Civil society groups and individuals have called for an immediate moratorium on the use of the Prevention of Terrorism Act (PTA).
In a statement titled ‘Civil Society Statement on Government Proposals to Reform the Prevention of Terrorism Act’, they said: We reiterate that national security cannot be achieved by creating insecurity for already discriminated against and marginalized communities, and call for the repeal of the PTA. The repeal of the PTA must also be considered in light of the anti-terrorism and public security legal framework that Sri Lanka has in place, and the historical abuse of power by state entities.”

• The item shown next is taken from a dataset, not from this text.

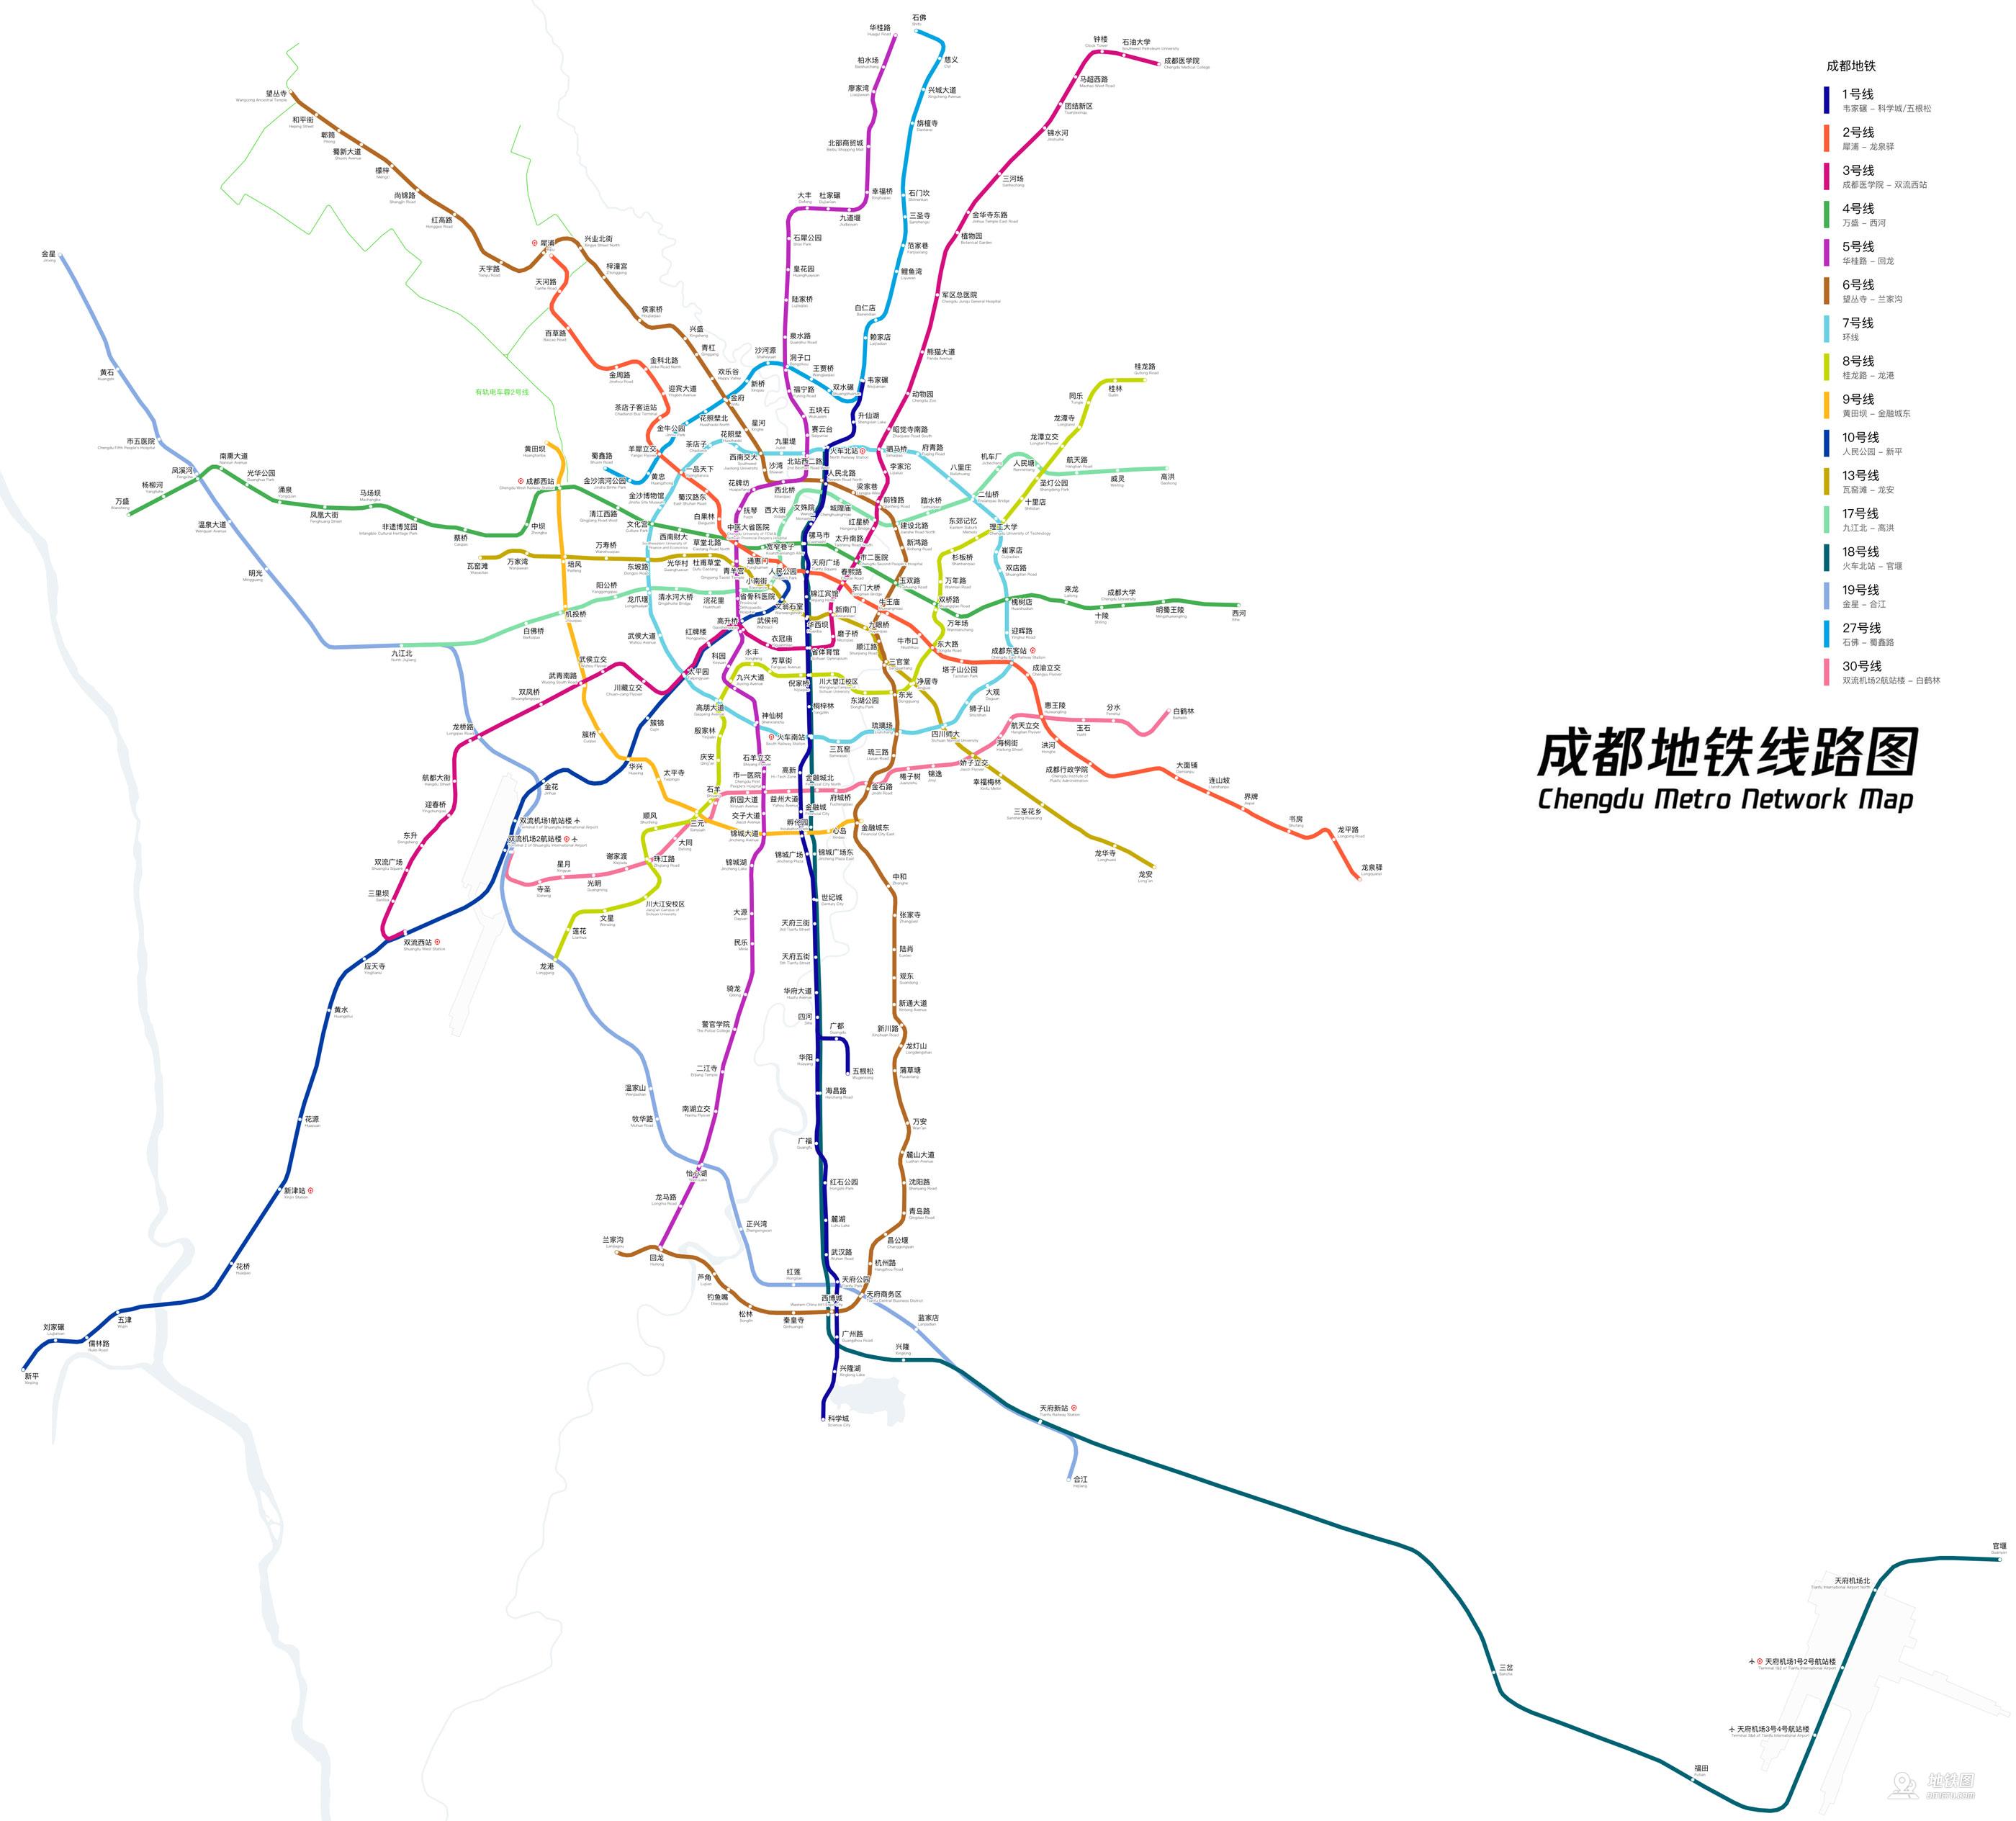 成都地铁线路图成都地铁线路图 实景版成都地铁线路图 官方版(注

Full text of the statement: In June 2021 the government of Sri Lanka announced it would ‘reform’ the Prevention of Terrorism Act (PTA) and appointed a Ministerial Sub-Committee for that purpose. It was reported in the media that Kamal Gunaratne, the Secretary, Ministry of Defence and the head of the Technical Committee that functions under the Ministerial Sub-Committee, submitted the Technical Committee’s recommendations to the Ministerial Sub-Committee in November 2021.
Historically, for decades, the PTA has been weaponized against the Tamil community, and following the Easter attacks against the Muslim community as well. This has resulted in the victimization of members of these communities. It was also used against the Sinhalese during the JVP insurrection and now against dissenters. We reiterate that any process which seeks to tackle issues related to the PTA must address this factor to ensure those adversely affected by the law will receive justice, including reparations.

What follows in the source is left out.